So - a lot of you guys know your stuff, far better than someone like me, but I built a circuit today, I plan to breadboard it on my next day off - I figured I would post the schematic to see what everyone thinks.
It is pretty much the first circuit I have really built upon (since an LPG is a very basic circuit, i used that as the starting ground)
Finally someone that uses the LM386 as the output amplifier it is designed to be
EDIT: Or not, see below
Looks fine to me (I mean, it’s a rather minimalist design, so not much to complain about ), so if you’re happy with how it performs on breadboard go ahead and build a more permanent version.
C3 is perhaps a bit low but to calculate the right values for a boucherot cell you need to know exactly what speaker you’re connecting it to, which seems like overkill
(or is it a bit high, the datasheet says 50 nF?)
C4 is larger than I’d expect, the datasheet has 250 uF there and looking at the usual suspects (ruby, little gem, noisy cricket, etc) 47-220 uF seems common, but a big one is probably ok too.
Oh, I’m afraid I did not think a low pass gate would be used to drive a loudspeaker. If that is what is intended, then a simple op-amp will not do the trick. So @d42kn355 … what is it supposed to be connected to?
Now you have a comparator, not an amplifier. You need a bit of feedback. Connect pin 1 to pin 2 (i.e. output to negative input) and you have a voltage follower. Drop the network on the output side; for the LM386 it’s there to deal with a 4-8 ohm speaker and you don’t have that anymore.
Also, if you’re using a TL072, you cannot leave the other half hanging. Either use it as an output buffer (i.e. after the filter bits) or connect output to negative input there too, and positive input to ground. That gives it something to do, which is good since it keeps it from messing with the one that’s trying to do things (see here for more).

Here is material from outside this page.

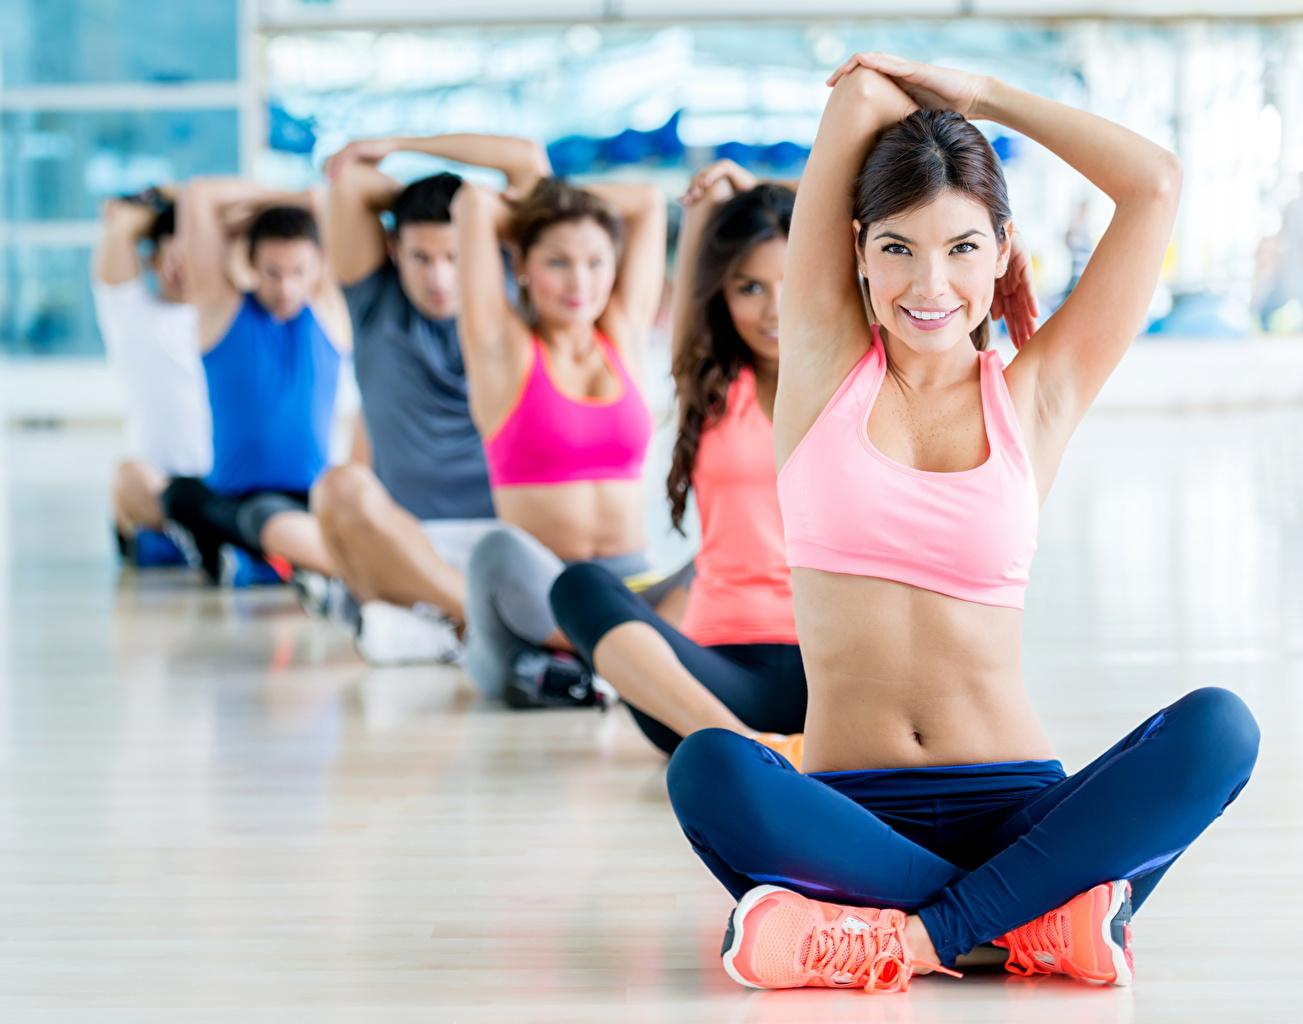 zdjęcie Brunetka Joga Uśmiech pozować Fitness Sport młode kobiety Nogi Ręce Brzuch siedzą Uniform jogi Poza sportowe sportowy dziewczyna Dziewczyny młoda kobieta Siedzi
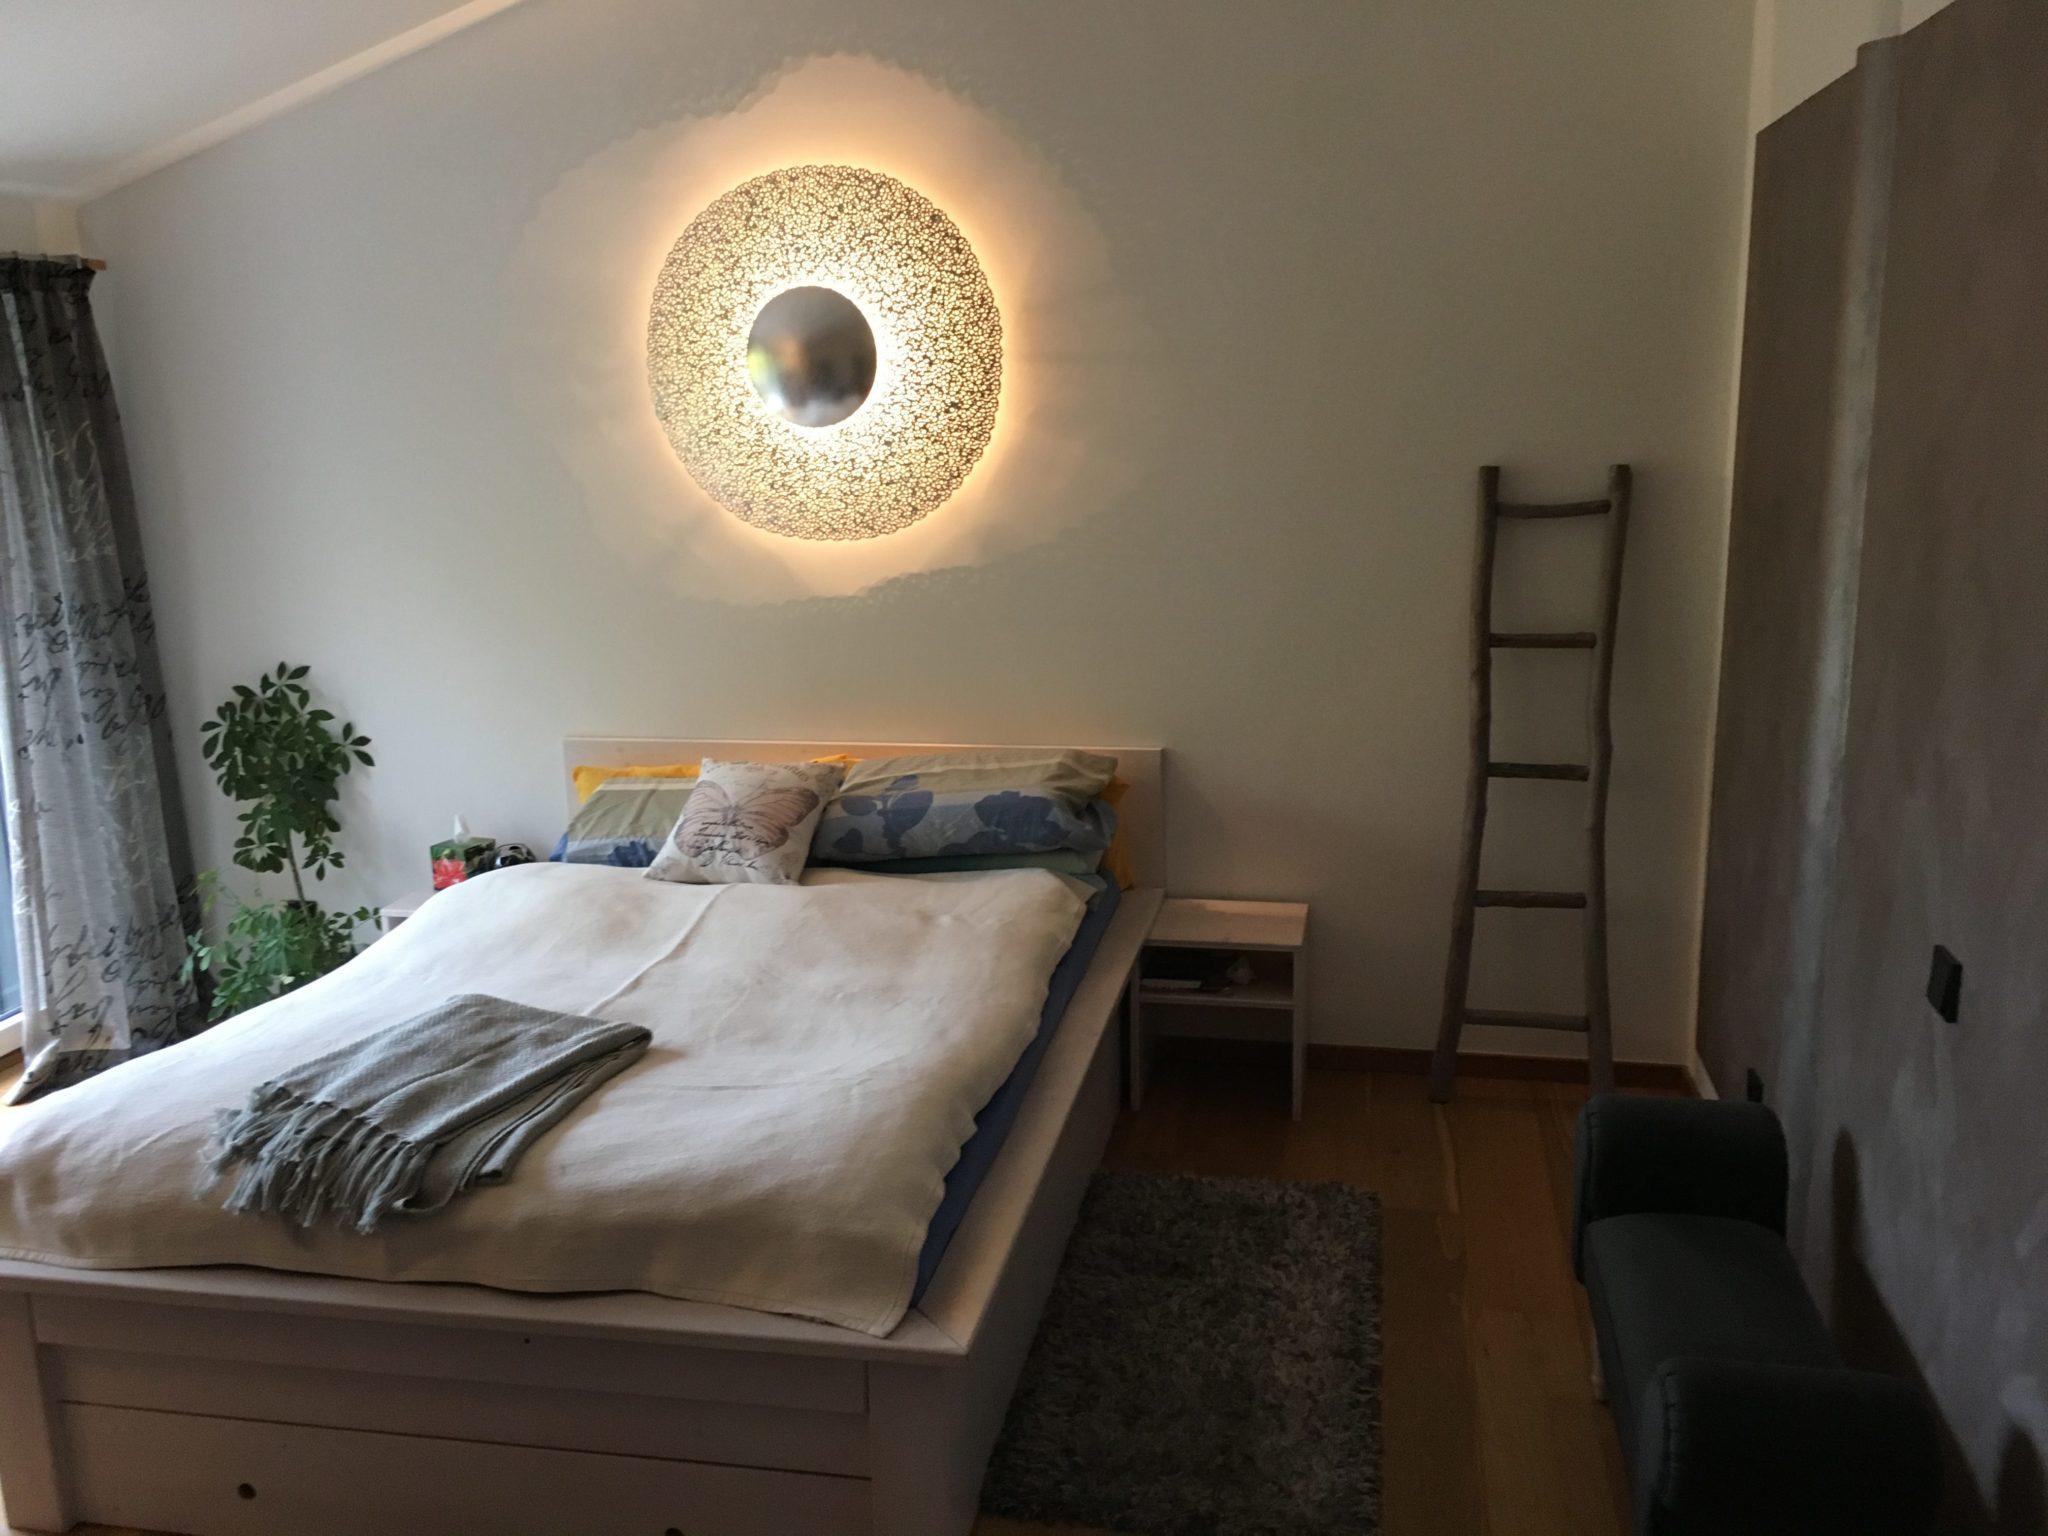 schlafzimmer renovieren top ergebnis mit wenig. Black Bedroom Furniture Sets. Home Design Ideas

No, get rid of C3/R3 and C4. The others did something with the tone, I think (if you have the circuit on breadboard, just go ahead and test various resistor/capacitor/pot combinations and see what happens).
(C3/R3 is a boucherot cell, also called zobel filter, which attempts to compensate for what the speaker coils are up to, and the big capacitor is there to filter out the DC component from the LM386 output so you don’t fry the speaker, but with no LM386 and no speaker they’re kind of pointless )
Gotcha!! Thank you
I like learning what specific sections like the zobel filter are known as, it would be lovely to have an dictionary of well known circuit names
Now that you’ve removed R3, C3 and C4, the output is connected directly to the output of the opamp so C1, C2 and RV1 won’t have much effect at all (they now essentially just form another load in parallel with whatever you plus in the OUT jack).
The Eurorack connector is reversed, pin 1 should be -12V
That’s why I asked him to experiment on the breadboard (once the opamps are somewhat reasonably wired up, the rest can be figured out by random mutations. Or I guess reading a lot of literature and doing a proper analysis, but where’s the adventure in that )
(not sure a 1000 uF cap provides that much filtering, btw. You’d need like 5 ohms to get a filter cutoff in the audible range (maybe an argument for adding back the LM386? ))
I noticed the 12v +/- swap right after i posted the schem lol. Ty
Okay, so now that I have the op-amp established - that tone curve pot you said would have little effect… how do i slap something coming from the output of the op-amp before the out jack to adjust tone?
If I just moved that section up before the output jack, would it do anything? lol
Or should I remove the switch, the pot and the caps there all together and just use 1 cap and down to ground?